I expect in the future you will have to be ranked by the Yang family to participate in Tai Chi competitions that involve them. The sad part is the best people in Tai Chi will probably ignore them and make winning one of those competitions worthless.

I wish them luck, and if things go good for them and they pursue it the right way we may be lucky and be able to tell a bunch of tree hugging yoga Tai Chi wannabees that they don't do Tai Chi and its something else. I don't really expect it to happen, but it might be nice to see. From what I read from them though they will embrace those individuals and then maybe the rest of us can then get on with the real Tai Chi. We will just have to wait and see how it goes.


----------



## Steel Tiger (Mar 5, 2007)

dmax999 said:


> I wish them luck, and if things go good for them and they pursue it the right way we may be lucky and be able to tell a bunch of tree hugging yoga Tai Chi wannabees that they don't do Tai Chi and its something else. I don't really expect it to happen, but it might be nice to see. From what I read from them though they will embrace those individuals and then maybe the rest of us can then get on with the real Tai Chi. We will just have to wait and see how it goes.


 
Ah yes! That most sublime of silver linings, telling new age wankers to wake up and stop annoying everyone else.  Sadly I don't really expect it to happen either.  It would be very strange indeed if the tree-hungers were the only ones doing *real* Yang taiji wouldn't it?


----------



## grydth (Mar 5, 2007)

I have heard rumors that there will soon be gradings for degree of "wankers"... any word on this? 

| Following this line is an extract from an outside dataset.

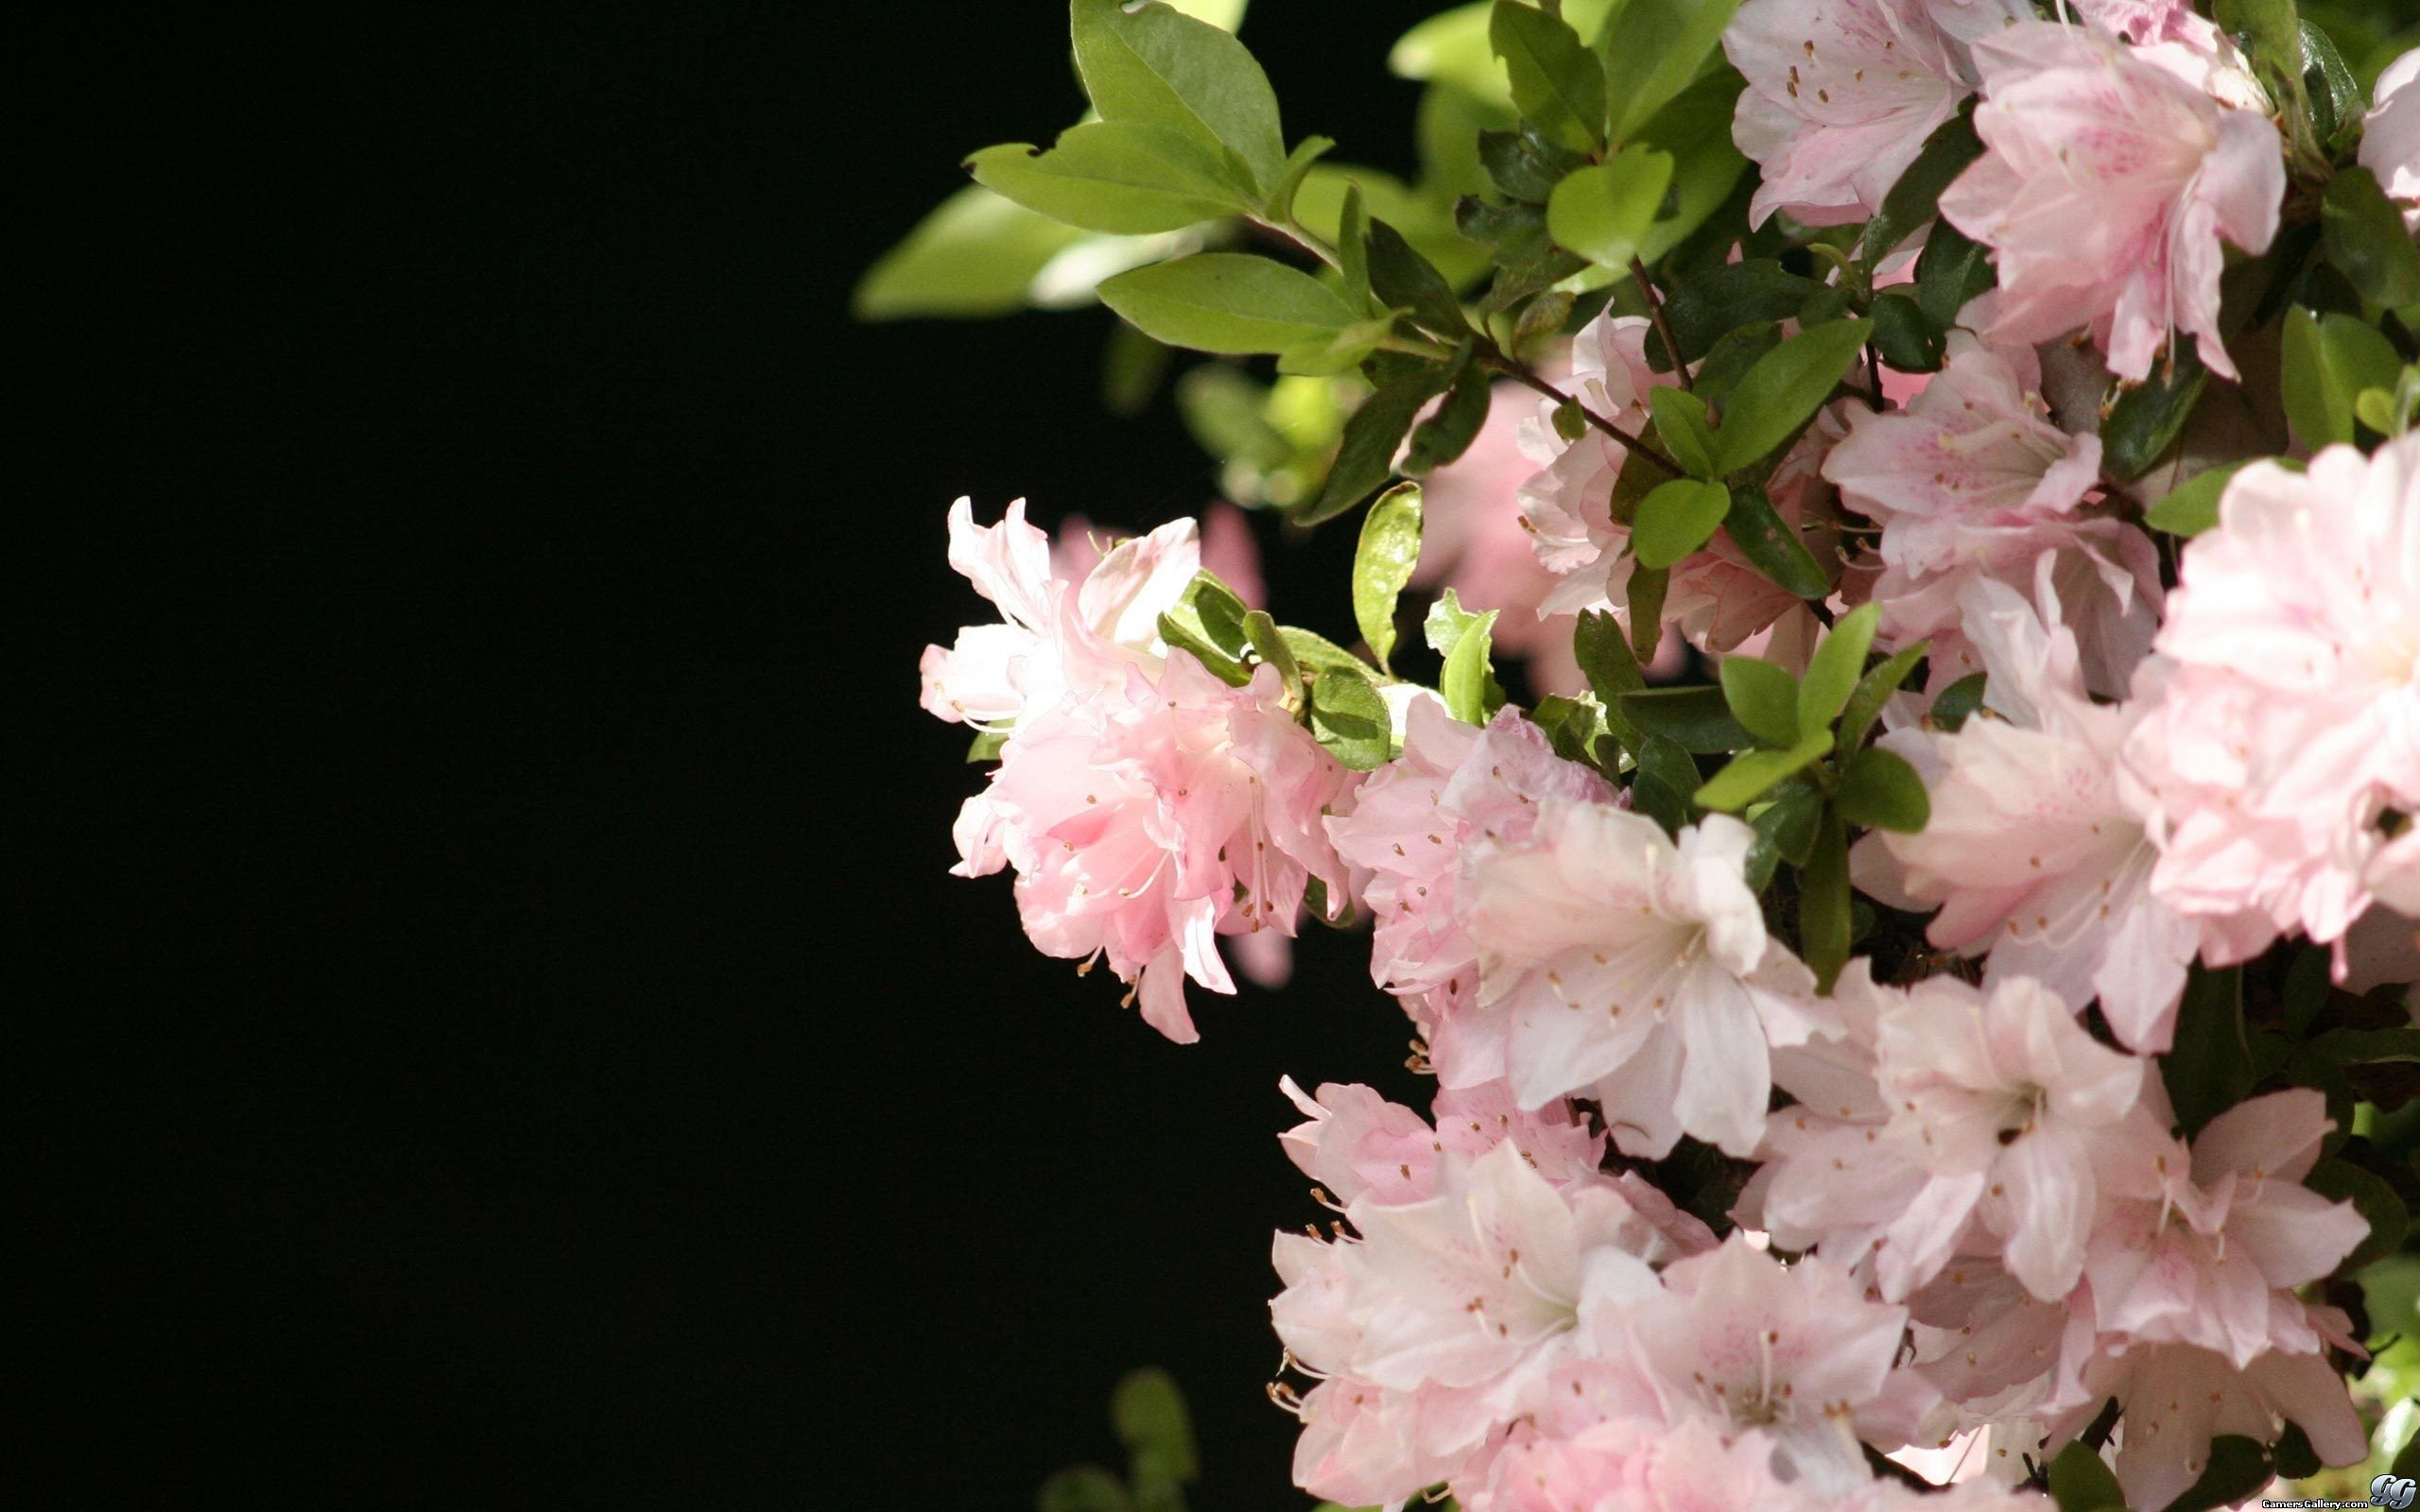 Cool Jasmine Flowers Awesome Pics Pinterest Beautiful Flowers

In the meantime, you've given me an idea for a new thread to upset everyone with....:soapbox:


----------



## East Winds (Mar 6, 2007)

It is interesting to read some posts here which seem to suggest  that by introducing gradings, the Yang Family have suddenly diluted their teachings. Why would the introduction of a grading system degrade Traditional Yang Family taijiquan? So far I have not seen anyone giving such an explanation.
Incidentally I do not speak for the Yang Family, not do I necessarily agree that gradings are a requirement in any Taiji system. 

Very best wishes


----------



## Jade Tigress (Mar 6, 2007)

*Attention All Users

Please keep the conversation polite and respectful.

Pamela Piszczek
MT Super Moderator*


----------



## dmax999 (Mar 7, 2007)

East Winds said:


> It is interesting to read some posts here which seem to suggest that by introducing gradings, the Yang Family have suddenly diluted their teachings. Why would the introduction of a grading system degrade Traditional Yang Family taijiquan? So far I have not seen anyone giving such an explanation.
> Incidentally I do not speak for the Yang Family, not do I necessarily agree that gradings are a requirement in any Taiji system.


 
I hope I did not imply this. I don't think the ranking will affect the quality of their teaching, but I do think it will change the quality of their students. I was only attempting to point out some possibilities, and I am personally hoping for their changes to improve Tai Chi for everyone. The problem of them making the changes required to gain a better "work ethic" of students will dissuade many other students. If the ranking system is just a money making scheme for them, as others have suggested, then the positivie outcome will not be the one we see.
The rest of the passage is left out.